Uit jouw bron blijkt dat, hoewel er tenminste 1 inscriptie vertelt dat Put Palestina zou zijn, er meerdere mogelijkheden zijn welk land dit is.

De koningin zou veel geschenken hebben gekregen, die niet in Palestina te krijgen waren. De oplossing: Salomo was zo rijk, hij kon die goederen importeren.

Ook de bijbel vertelt ons dat Salomo erg rijk was. De koningin van Seba zei tegen Salomo : Uw wijsheid en welvaart zijn nog veel groter dan wordt gezegd. (1 kon. 10:7)
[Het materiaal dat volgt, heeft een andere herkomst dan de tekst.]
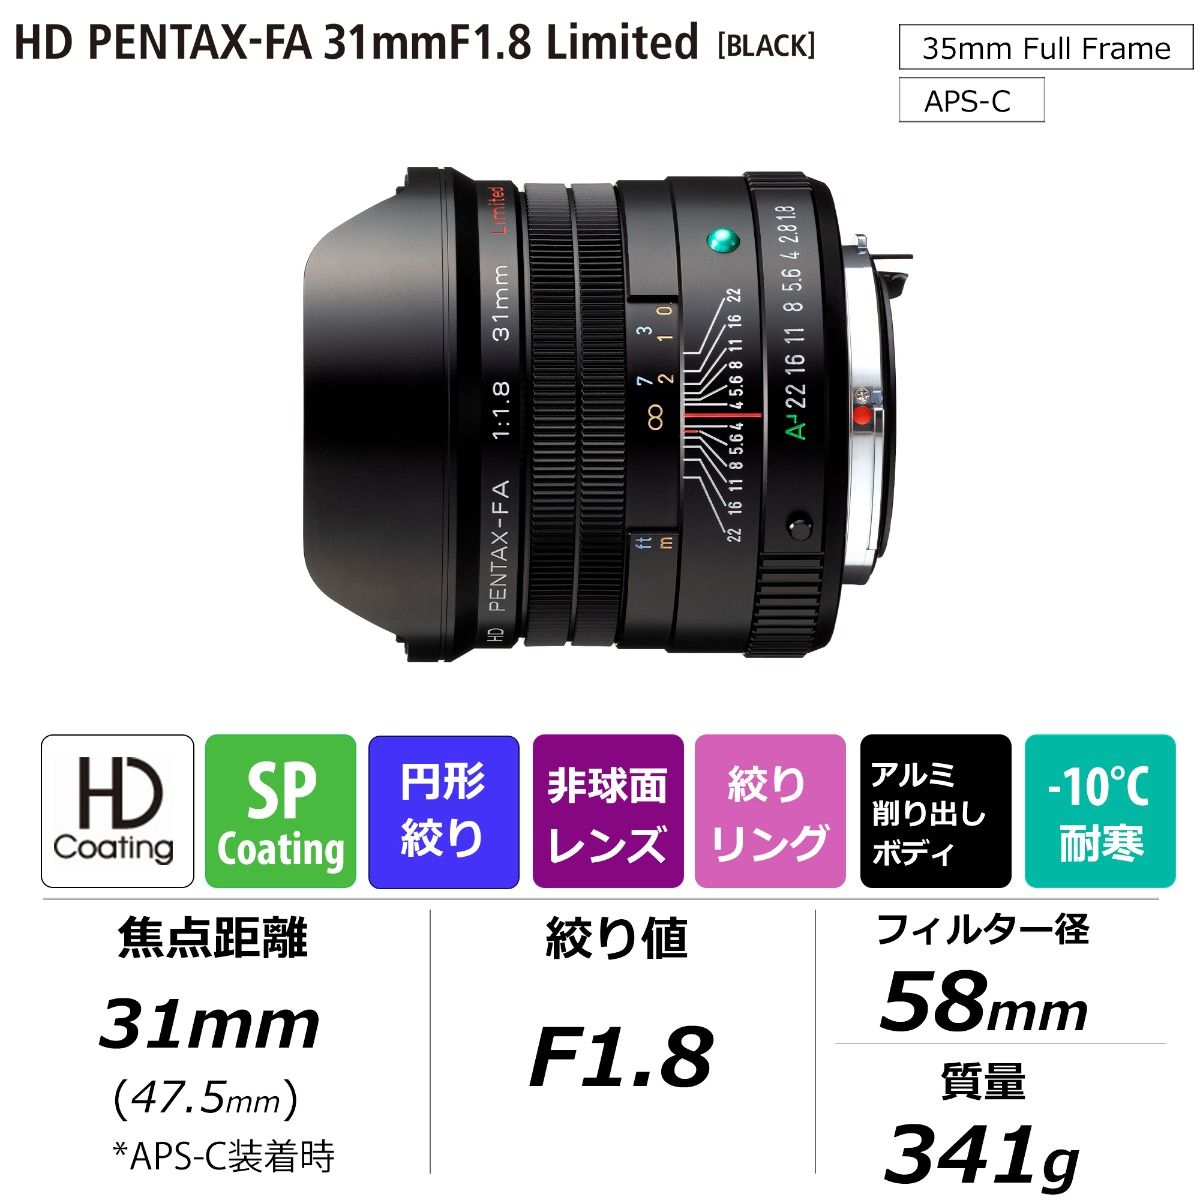 Prices of the new HD PENTAX-FA Limited lenses and K-1 Mark II J

Maar er is één groot probleem. Salomo heeft hoogstwaarschijnlijk wel echt bestaan, maar de manier waarop de bijbel hem beschrijft klopt niet. Hij was namelijk helemaal niet rijk.
De stallen van Megiddo, Gezer en Hasur die werden toegeschreven aan Salomo, bleken na dateringen van na zijn tijd te zijn. De aan hem toegeschreven paleizen zijn gedateerd tot na de 10e eeuw, lang na Salomo. Er is geen enkel spoor van alfabetisme onder het volk (wat zou wijzen op welvaart), er is geen enkel geschreven document gevonden, zelfs niet op potscherven. Ook is er geen enkel monumentale architectuur gevonden. Uit onderzoek bleek dat de stad niet dichtbevolkt was en dat de steden klein waren (i.t.t. 1 kon. 5:1).
(bron: bijbel als mythe, geschreven door 2 joodse archeologen)

Dus Salomo kon onmogelijk de koningin zoveel kostbare geschenken geven. Genoeg reden om aan te nemen dat dit of niet de koningin was waarover de bijbel had, of dat Put niet Palestina was.